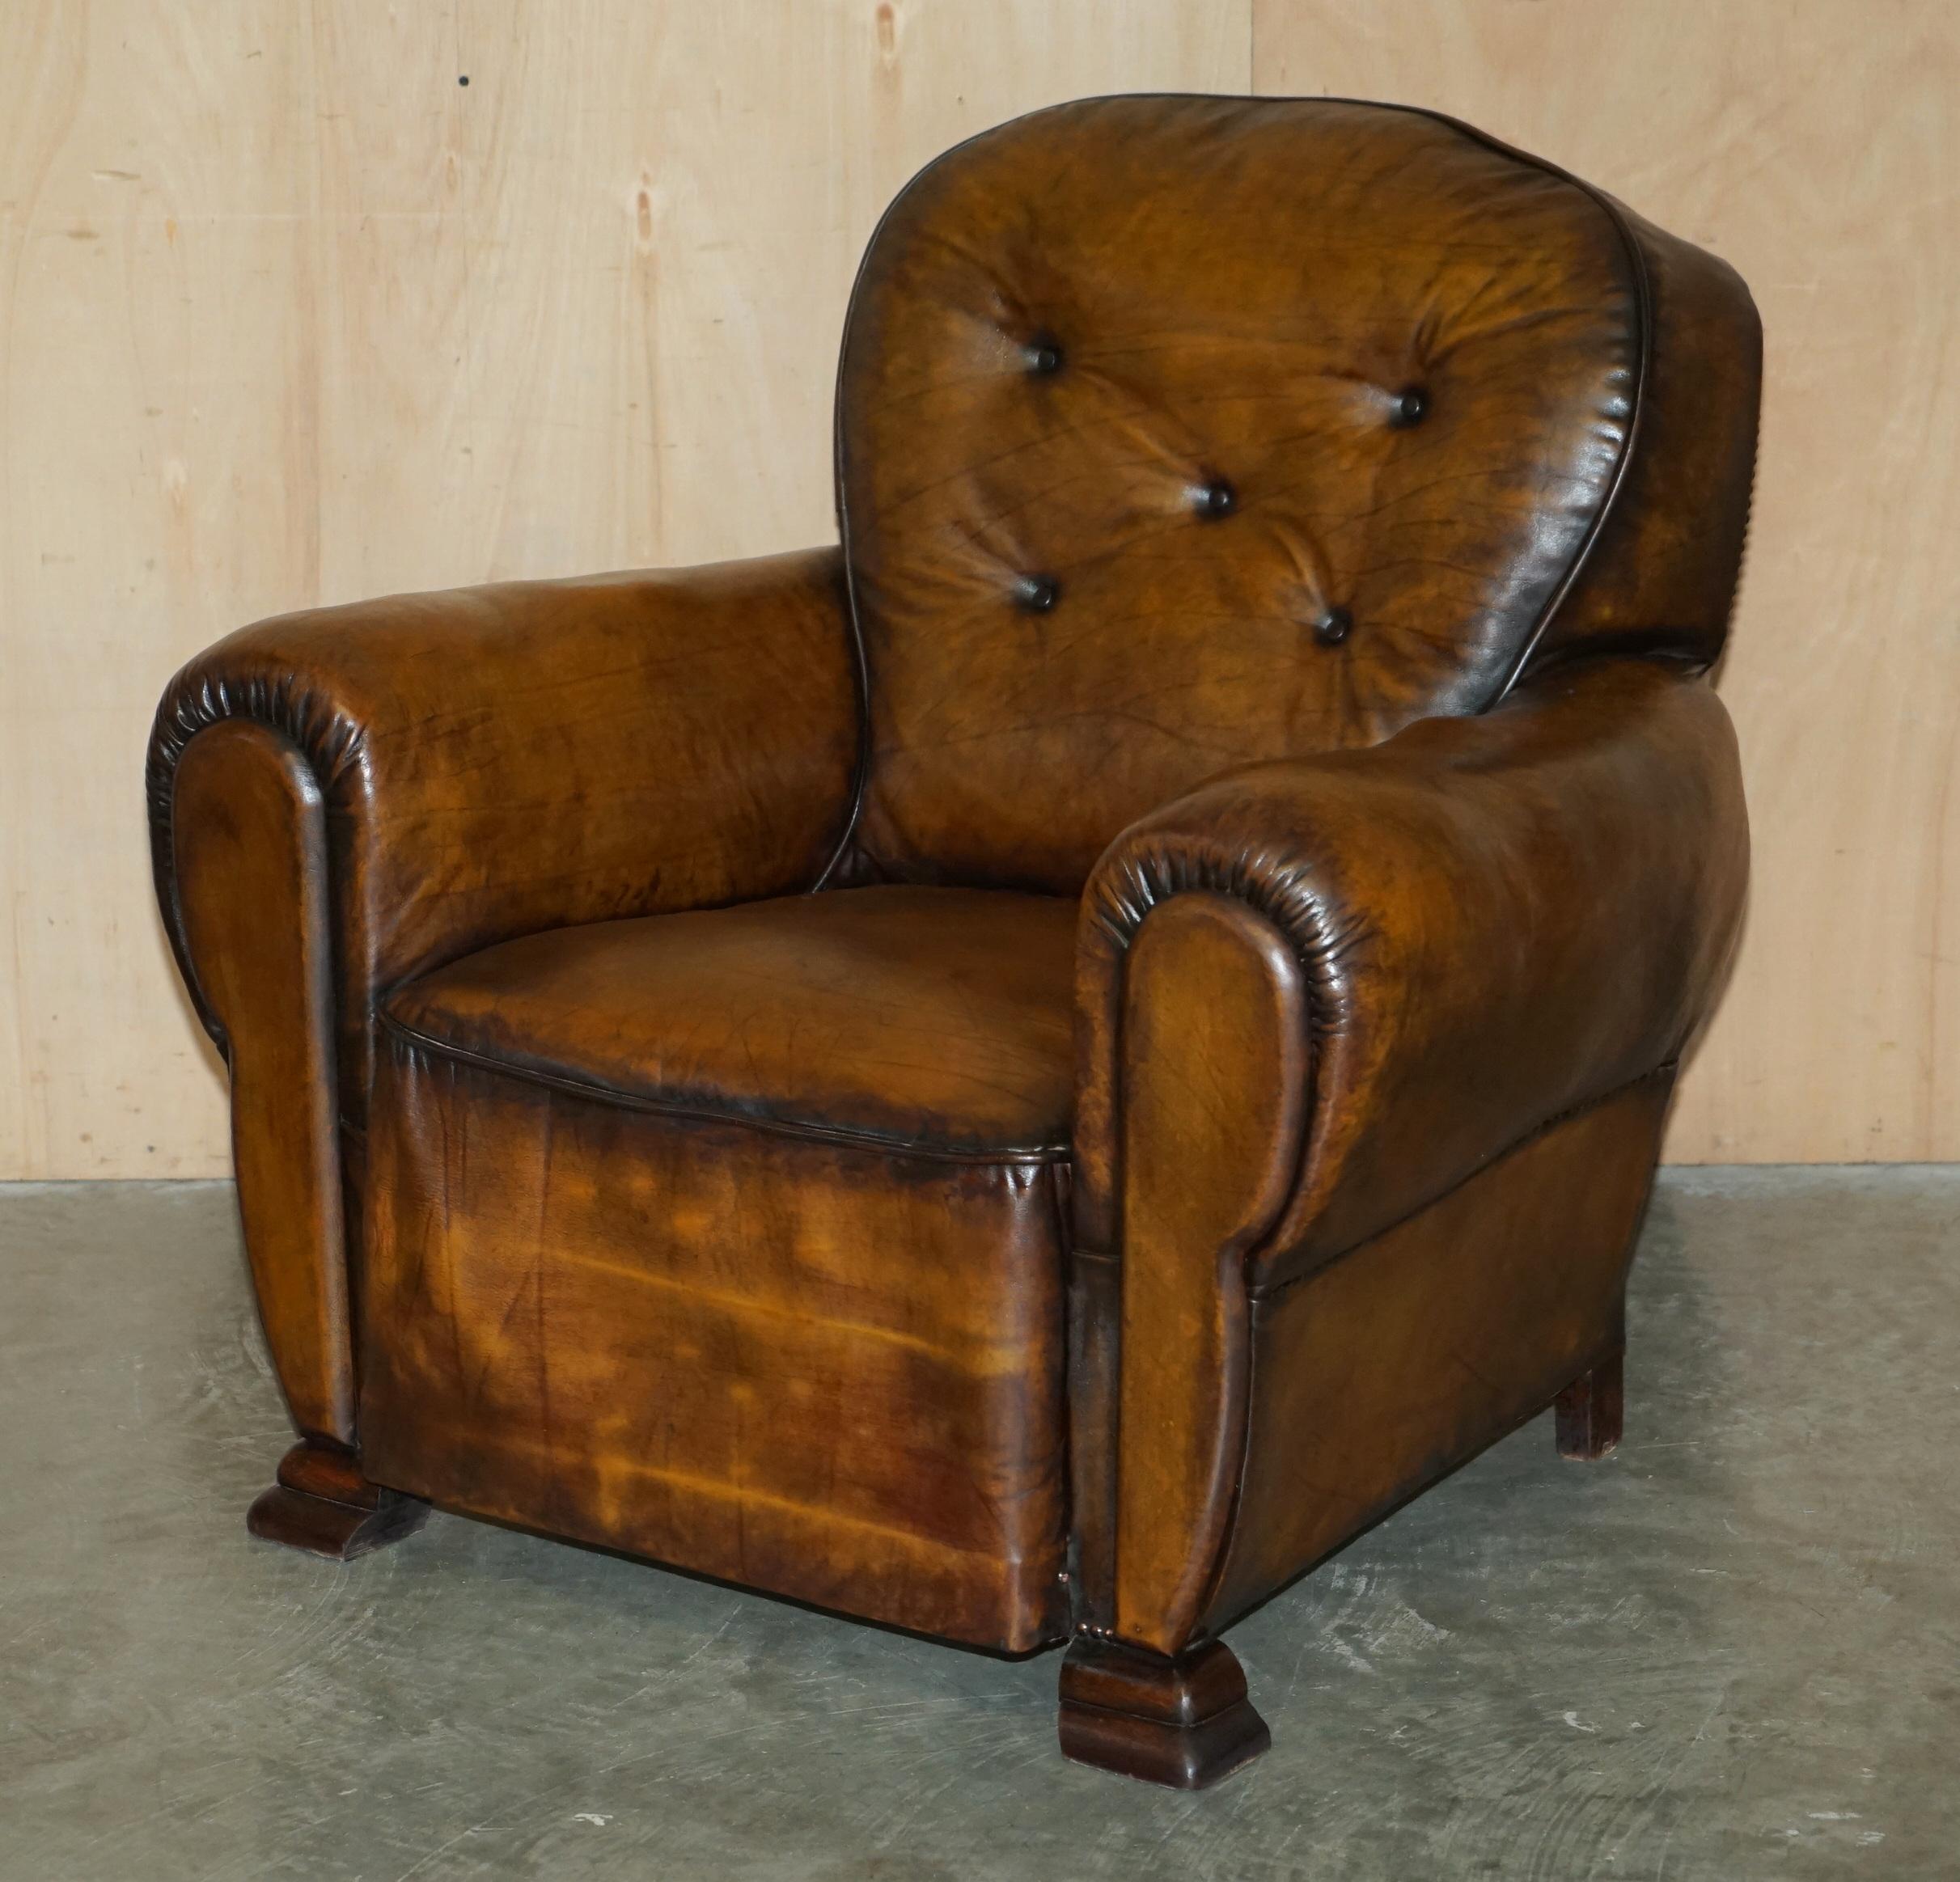 Royal House Antiques

Royal House Antiques is delighted to offer for sale this stunning fully restored pair of Art Deco hand dyed rich Cigar brown leather club armchairs.

Please note the delivery fee listed is just a guide, it covers within the M25

**Problem details:** The task requires the full listing to be given again verbatim, without its pictures.

**Task output:**
 Royal House Antiques

Royal House Antiques is delighted to offer for sale this stunning fully restored pair of Art Deco hand dyed rich Cigar brown leather club armchairs.

Please note the delivery fee listed is just a guide, it covers within the M25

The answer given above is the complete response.